The model is, of course, a highly simplified and incomplete representation of reality. This simplification should be seen as an analytical tactic, not a theoretical definition of all that is happening or all that is significant. The rationale for focusing on this particular directional aspect of the total system is the developmental nature of personality discussed above. The justification lies in the results gained from analytical tools which offer incisiveness at the cost of complexity.
In reality every cultural act invokes interaction between individuals directly or indirectly. Cultural behavior is transmitted across generations, between people in different stages of their lives. One person's "input" is another's "output" (again a simplification).

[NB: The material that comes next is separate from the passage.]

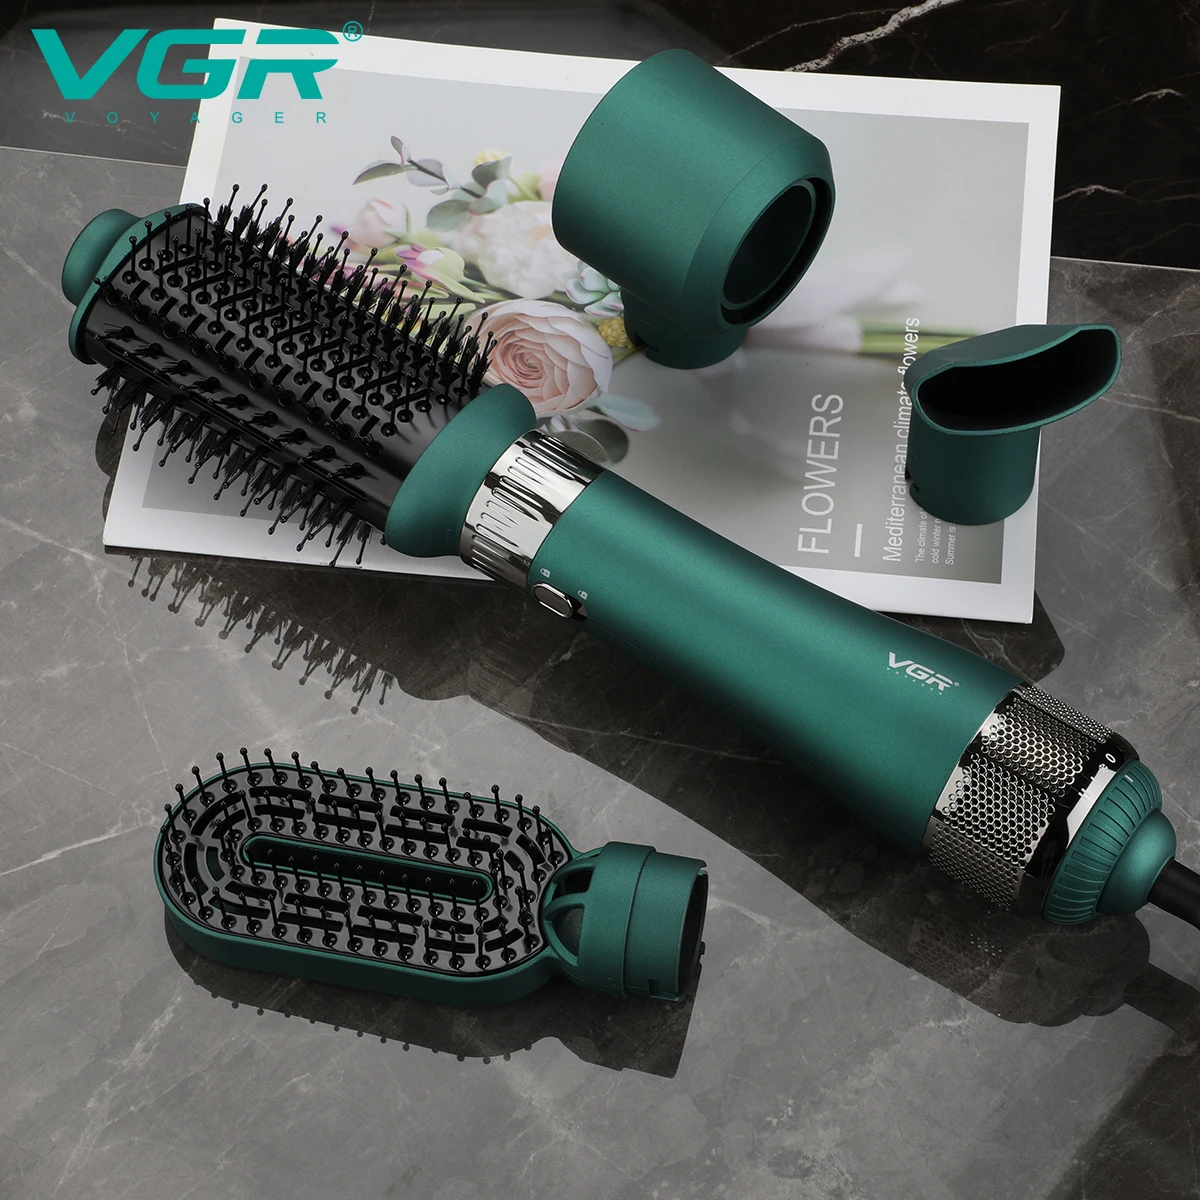 VGR V-493 4 in1 hair dryer styler power cord hot air brush comb  professional electric hair straightener

Among the Kipsigis, most father-absent boys become fathers who maintain certain distances from their sons, some of the initiates become initiators, and some of the youths who assumed stereotypes congruent to their inner tensions become men who deal directly with people from other tribes and are faced with the problems of ordering and communicating these experiences.
The model used here would predict that the men for whom the issue of relative masculinity has deepest personal significance are the ones who would engage most deeply in the behavioral patterns that traditionally characterized manhood. Further, their behavior as adults would produce similar tensions about sex identity in succeeding generations. It must be stressed that this interpretation is concerned with the psychological factors that contribute to the the maintenance of these initiations and stereotypes. The interpretation has nothing to say about the origins of these practices.2
A few tests of this "feedback" idea have been presented in the preceding chapters, and it should be noted that the results (comparing child care scores to father-absence and comparing behavioral measures of adult participation in, and attitudes toward, initiation with measures of one's own initiation) are either negative or extremely restricted. In most cases the control variables, especially subject's age, are the only significant predictors of these kinds of adult behavior that can be found in the present data.
When we consider the basic interpretation in relation to the dramatic changes that have occurred in the twentieth century, and note that these changes have been much greater in the realm of intertribal relations than in intrafamily interaction patterns, we are led to the prediction -- which strikes me as rather unwelcome -- that to the extent that cross-sex anxiety supports traditional stereotypes it will hinder adaptive changes in group identity in the new, national setting. The lack of correlations between the measures of familiarity with other tribes and the measures of ethnocentrism do suggest that this is partially the case, but I feel that these data are much too crude to allow any conclusions on this important and complex question. A similar situation is found when one inspects the data for evidence to support each of the implications drawn here. Because of the limited degree of attention that was given to these intricate, secondary questions, the data are either too weak or are absent and no clear positive or negative results can be obtained. However, in my opinion it would be a mistake to consider this lack of conclusiveness to be a refutation of the original interpretation. To me, the positive support of the basic hypotheses, weak as it may be suggests that it would be profitable to consider these implications as propositions for further research.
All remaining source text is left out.